Hence, your Shopify site speed score is the average over multiple days of Lighthouse performance scores as performance scores vary between tests. An average over multiple days better represents your store's day-to-day performance. If your store is new or you just removed the password page, then your score might be less accurate. To view the score for each page type, click on the See how your score is calculated drop-down.
Lighthouse reports are run on the mobile versions of these pages. This is because 60% of sales made on Shopify stores are from mobile devices.
If you don't have a collection page, product page, or home page, or a page type has no views, then the page's score is listed as No data available. Your online store speed score is calculated using only the available pages and their weights. Your score is not negatively impacted.

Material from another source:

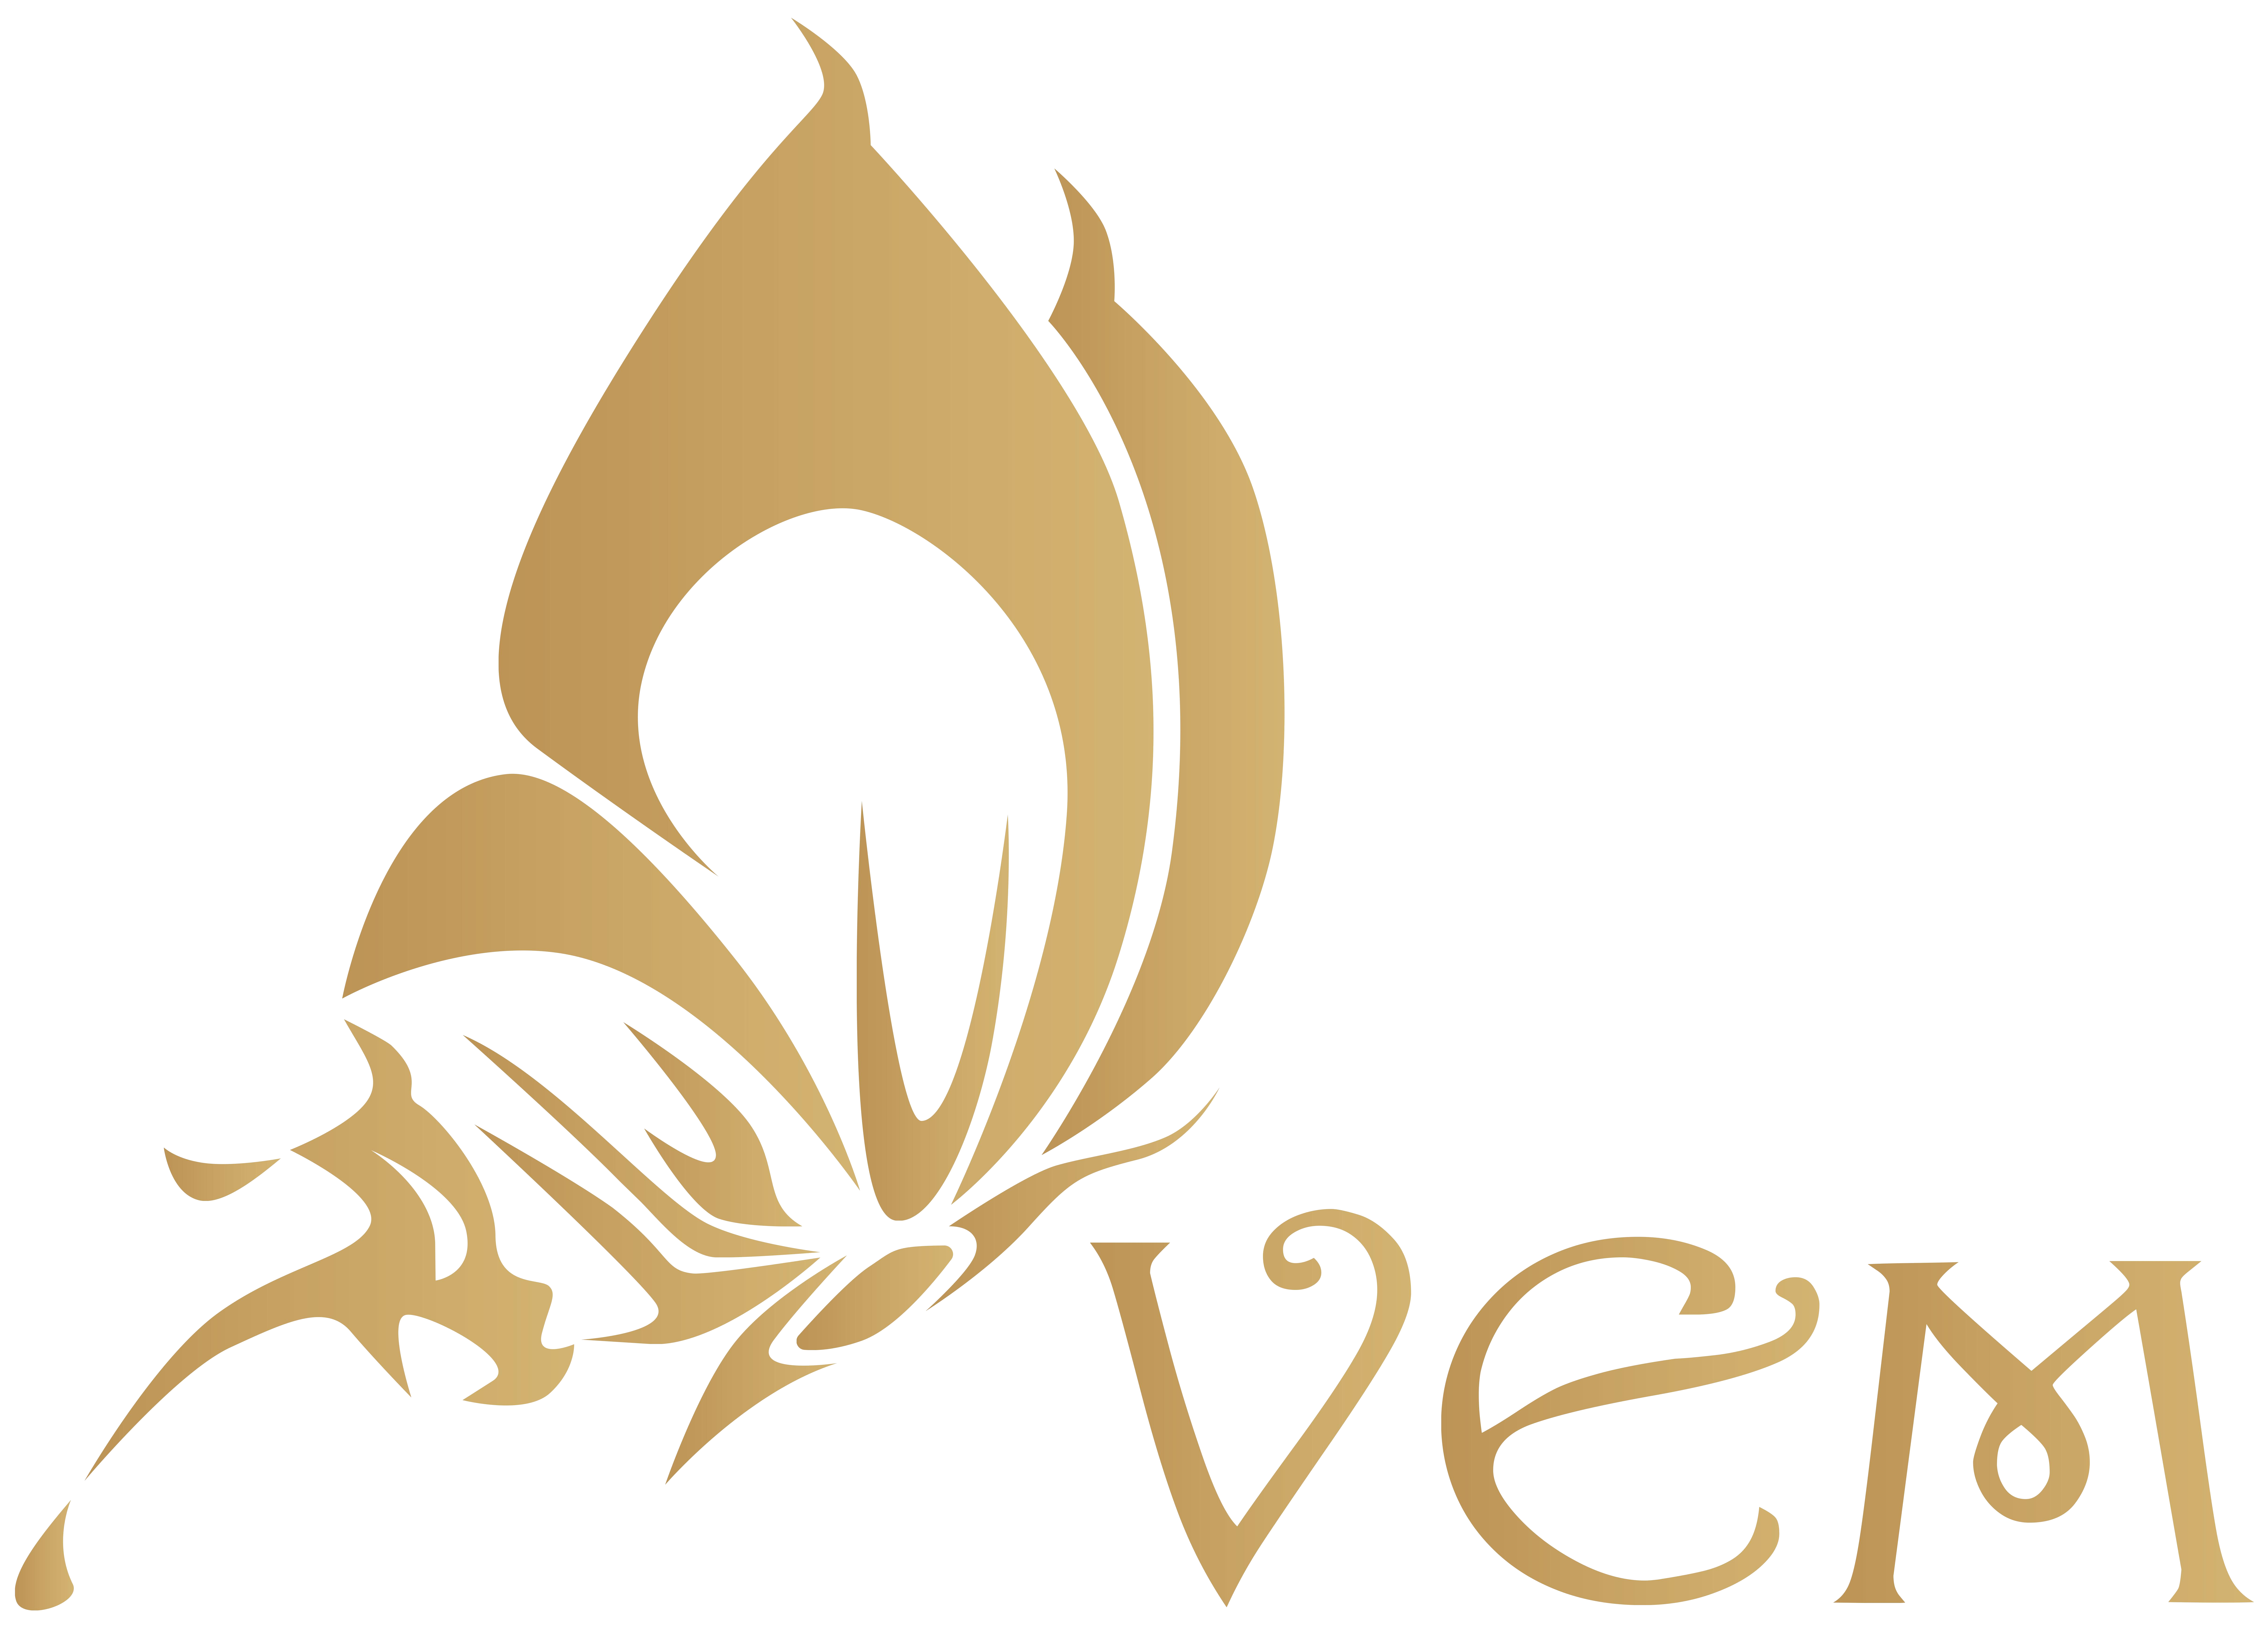 TheEvenet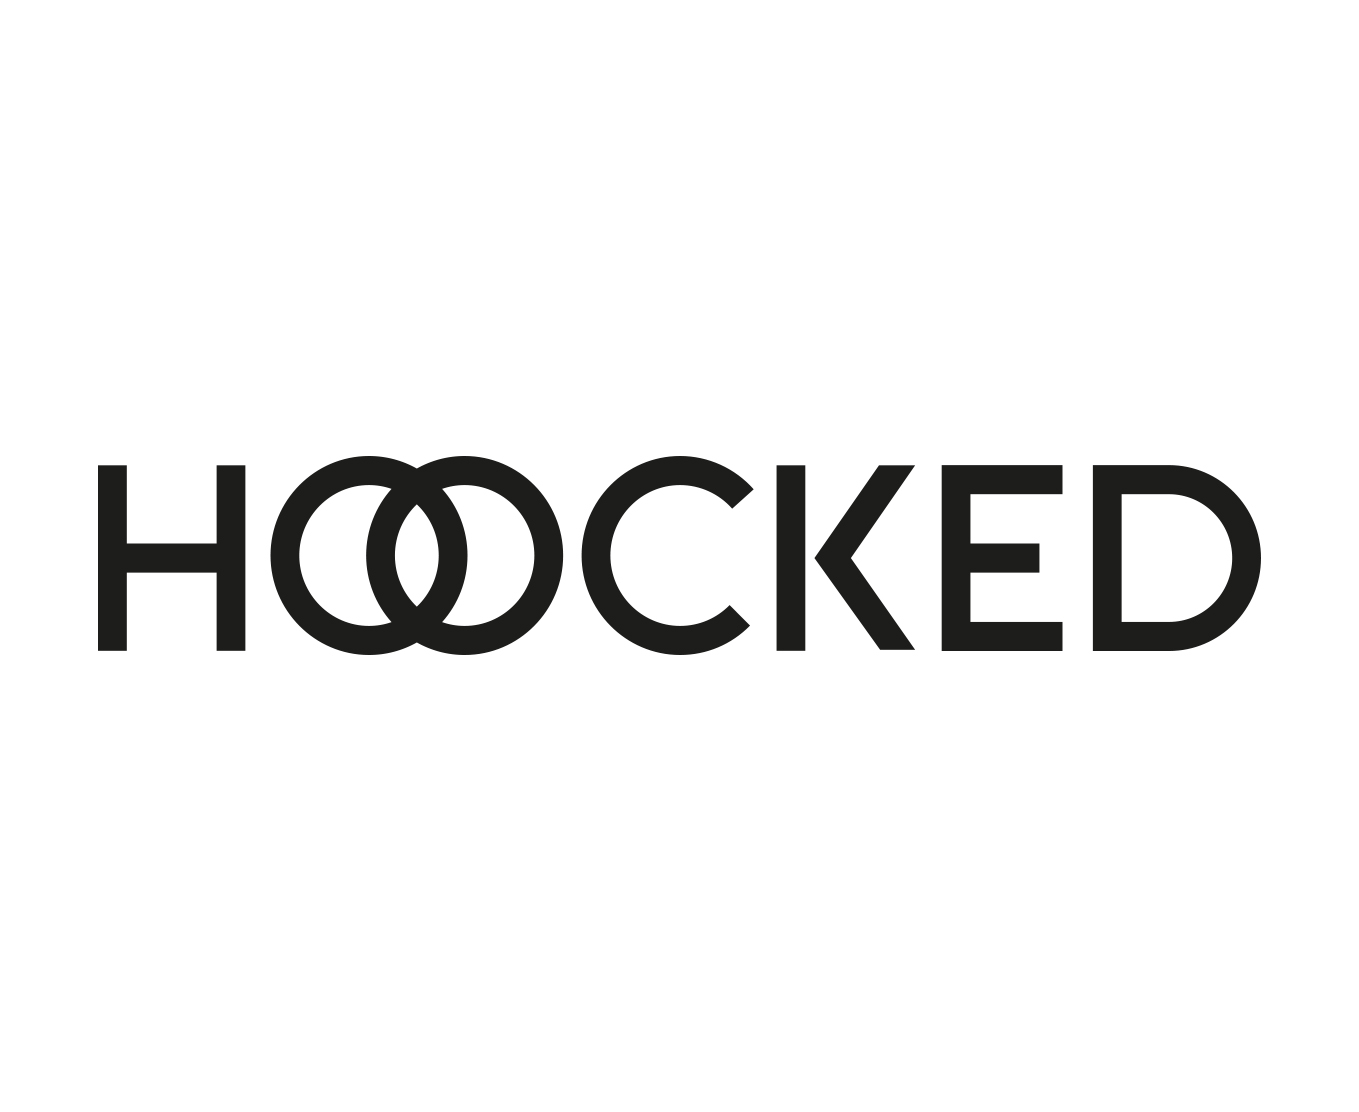 Hoocked logo

To run a Lighthouse Report on the specific collection page, product page, or home page used to calculate your score, click See how your score is calculated and then click View insights. Running a Lighthouse report lets you view more detailed metrics for the page.
What Your Speed Score Means
To understand your store's speed and how fast it loads for customers, you need to know your speed score. A higher Shopify speed score represents an online store that's fast for the wide variety of customers accessing it. This means that the store would load fast for every customer regardless of their device, internet connection.
A lower score represents an online store that might not be accessible to the full range of customers that want to purchase from your store.
Achieving a high Google Lighthouse score can be tricky and harder to improve as time goes on. To determine your speed score, Lighthouse compares your online store to all types of websites, many of which don't offer the same functionality as an online store. To understand how your store is performing compared to other Shopify stores, view your speed ranking. You can then use your speed score as a measurement to help you to make your own online store better for your customers.